Despite not being able to show personal damage, the developers' lawyers convinced the judge that there was a strong enough risk of their own code being re-used to let key parts of the case continue to trial.
At the technical level, working out how much a model such as ChatGPT or Stable Diffusion will leak original material into the target is far from straightforward. This may be crucial in determining whether these models infringe copyrights rather than coming up with new results based on what they appear to have learned from their inputs. Some of GitHub's own research indicated it is possible though the company claims tests showed Copilot wound up reproducing more than 150 characters of existing code stored in its training data only about 1 per cent of the time.
To analyse how much copied material LLMs can output, Stanford University researcher Peter Henderson and colleagues experimented with GPT-4. Though they could only extract a few phrases from the first Harry Potter novel with a conventional prompt, they could get the foundation model to regurgitate all of Dr Seuss's considerably shorter "Oh, the Places You'll Go".
Suspecting this difference lay in filters built into the AI model to prevent it outputting unchanged material, they subverted the protection by asking the model to perform to some simple substitutions: numbers for vowels in the prompt. According to Henderson, this yielded more than three chapters of the Rowling novel, “just with [each a and o] replaced with similar looking numbers”.
Legal protection for AI
Though they may infringe copyright, trained AI models themselves do not necessarily gain protection from replication. The law in most countries was designed to protect works created by people, not machines: the works need to incorporate some level of human creativity. In February, the US Copyright Office helped confirm this, at least for that jurisdiction, when it decided that images created by AI engine Midjouney and then used in a graphic novel would receive the same legal protection as one drawn by a human.
What the US in particular lacks is a limited level of IP protection for the act of simply compiling data in the form of the database right that the European Union and the UK adopted a little over two decades ago.
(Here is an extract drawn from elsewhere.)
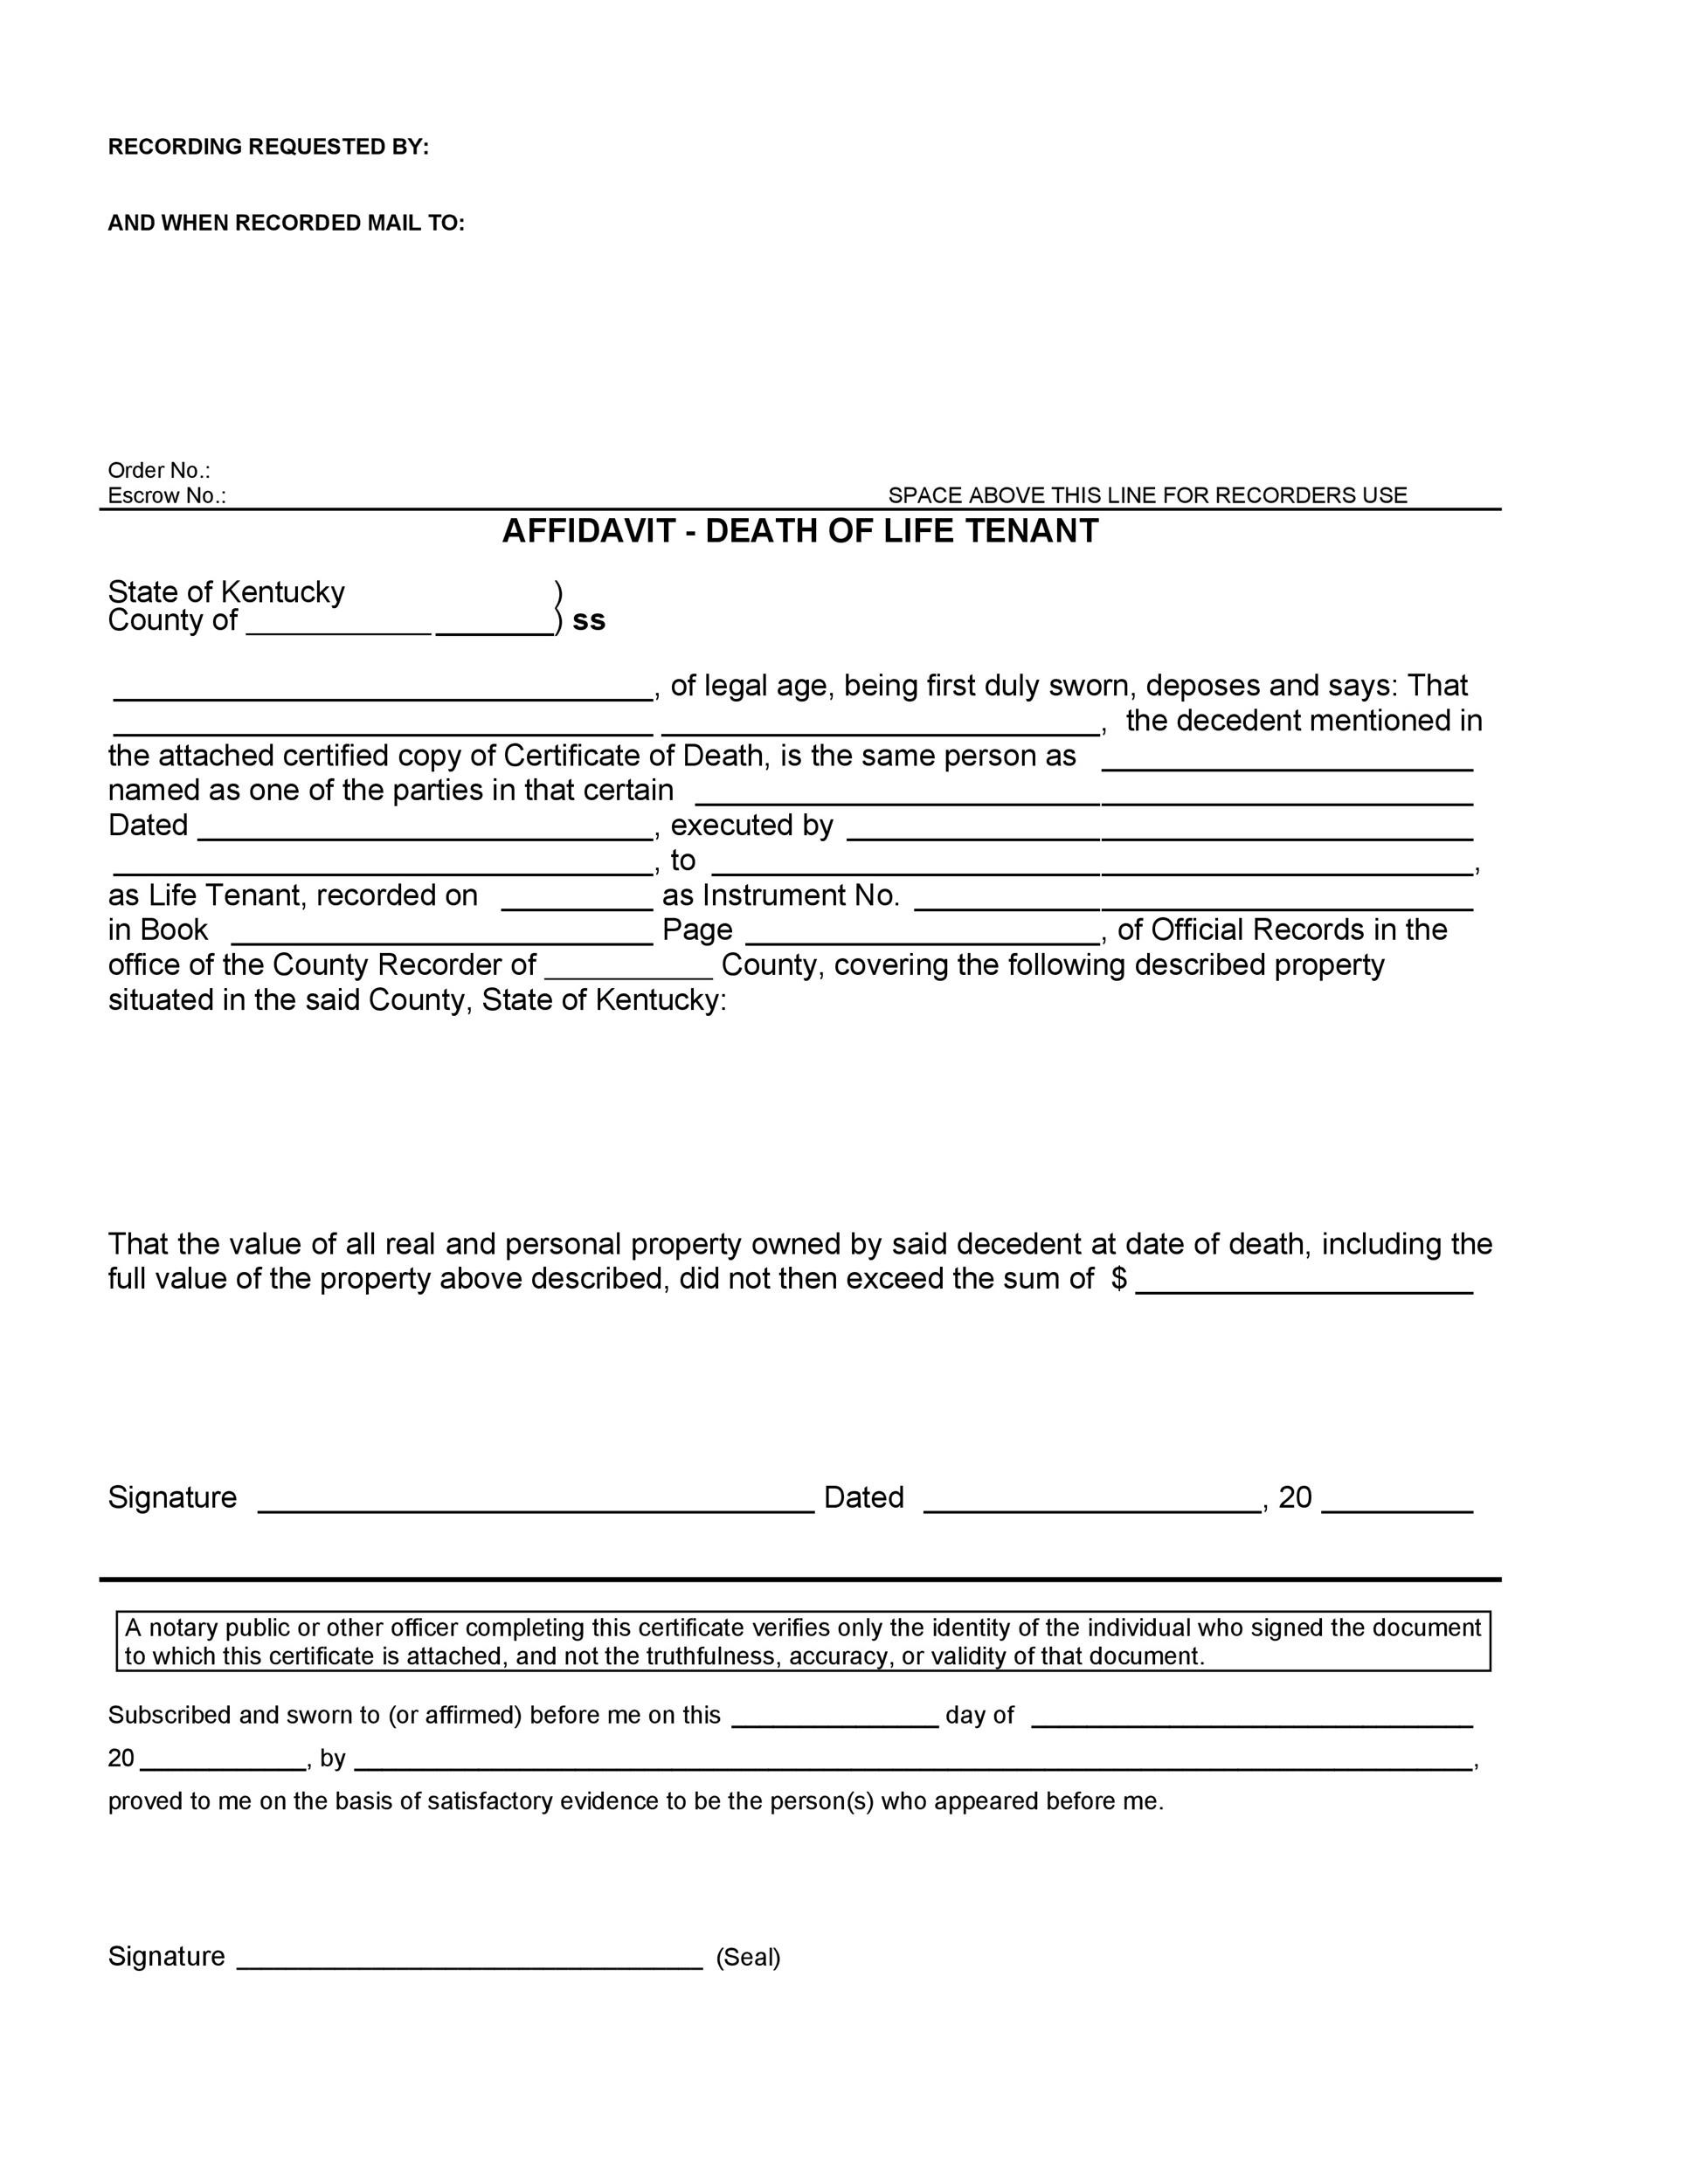 50-editable-affidavit-of-death-forms-all-states-template-lab

This lack of protection could prove to be a problem for developers who make AI a key part of their development process, though the use of detailed prompts to drive a generative model may prove enough of a creative step for some jurisdictions.
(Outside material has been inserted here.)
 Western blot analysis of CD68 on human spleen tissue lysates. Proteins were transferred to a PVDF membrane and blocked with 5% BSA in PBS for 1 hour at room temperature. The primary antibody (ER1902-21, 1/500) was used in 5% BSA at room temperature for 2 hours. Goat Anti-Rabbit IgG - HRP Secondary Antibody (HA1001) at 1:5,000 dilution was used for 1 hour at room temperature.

As with the lawsuits brought against the generative-AI companies, there is very little in the way of case law to go on but some technology providers, such as NXP Semiconductors, have made recommendations to their customers on how they should go about protecting their work: creative or not.
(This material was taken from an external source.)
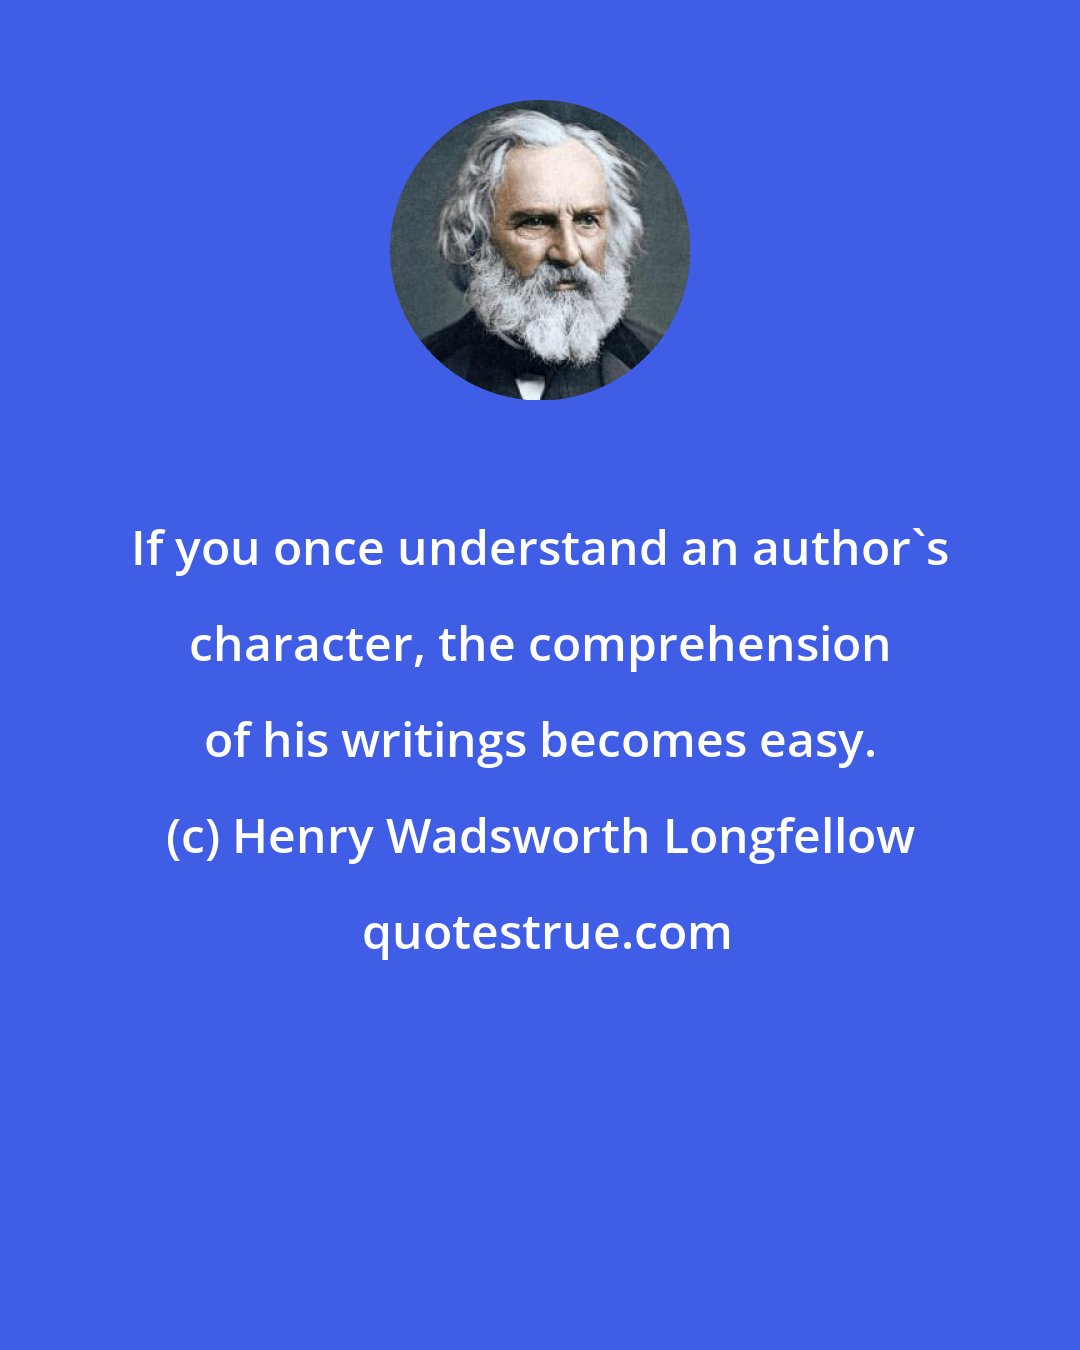 Henry Wadsworth Longfellow: If you once understand an author's character, the comprehension of his writings becomes easy.

In a white paper published earlier this year, NXP advised customers to think about how they might alter their AI models so they can take action to deal with copies of the systems they train. NXP's legal team sees the selection of training data as being more akin to compiling a database than a creative step. That may lead to protection in the EU and the UK but not in the US and other jurisdictions.
One approach recommended by the chipmaker is to reserve some of the training data for use as a signal for copied data. If the model is for image-recognition system, for example, this involves training specific pieces of artwork with specific classifications that will show up when tested. As long as the telltale artwork is human-created, that would likely be treated as copyrightable.
Henderson and others see a strong need not just for more research into technical mitigation of copyright issues, but also for laws and technology to co-evolve. If generative AI and its associated technologies take the same course through the hype cycle as most others, the coming few years might provide some breathing room for that to happen.